If you don't believe me, check out plentiful threads on r/regretfulparents and r/breakingmom or even Mumsnet, where young or new mothers bemoan their decision because of how burdensome, exhausting, isolating it is after a certain point. No-one tells these women that people take self-gratifying and fleeting interest in their baby or little child (not only healthy interest, either), and not in the person this child will become, or in the mother who gave that child life.
A lot of people say this. I don't know how it will turn out for my sister but even if nobody did care about her any more after the baby gets to a certain stage, I don't think she'd care either. She'd probably just be focusing on her baby and enjoying family life. Not much fazes her like it does me.
It's all rather sad, once you stand back, observe the cycle and work it all out. I'd feel more sorry for your sister, and as someone with a sister myself try to be there for her when no-one else is, because it would mean so much more and bring us closer. Op and I are on different journeys in this life, though, and that's ok. No-one can tell anyone else how to feel, only lend perspective.

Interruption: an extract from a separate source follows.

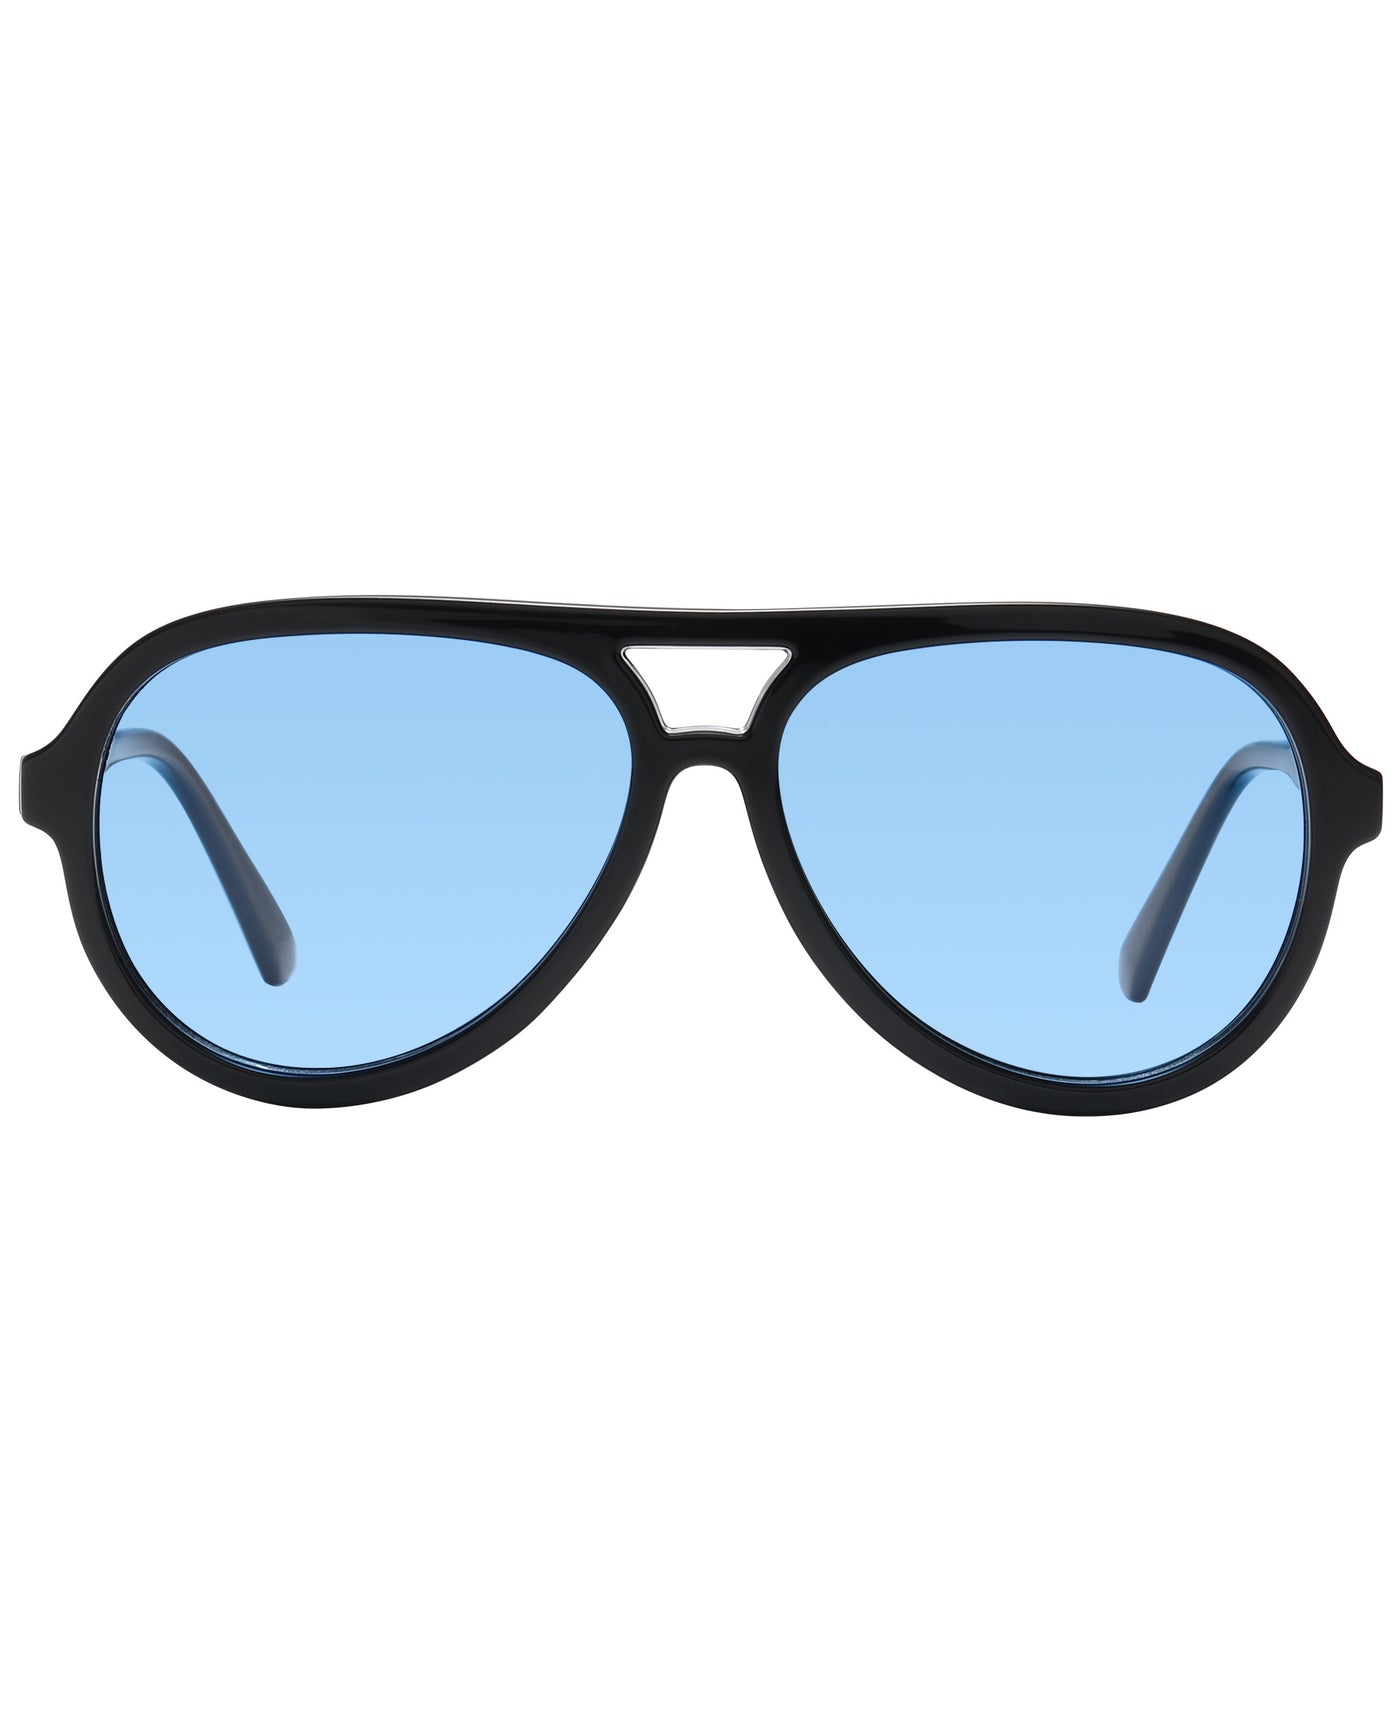 DUCO GLASSES-The right kind of shady DUCO Retro Vintage Polarized Sunglasses Classic Aviator Sunglasses for Women Men Double Bridge Vintage Shades DC1208 Duco

I will be there for her, even though we live 25 miles apart. I would never shun her. We've always been close. We were like soulmates when we were little, as we're only one year apart in age. We had something like a "twin bond", which made me feel so happy. When we became adolescents she suddenly became more interested in her friends she had found at school, while I had no friends and felt lonely. Her friends bullied me, maybe because they sensed I was a bit jealous of her making friends better than me and that I felt they came between us and I no longer had my soulmate any more. I was alone and became a terrible burden on my mother. It was so disheartening.
Ever since, me and my sister's "twin bond" hasn't been as strong as it was when we were kids, as we went our separate ways for a few years when I got used to not having her around so much. Now we both have boyfriends and live in different towns and have different jobs. But we're still close.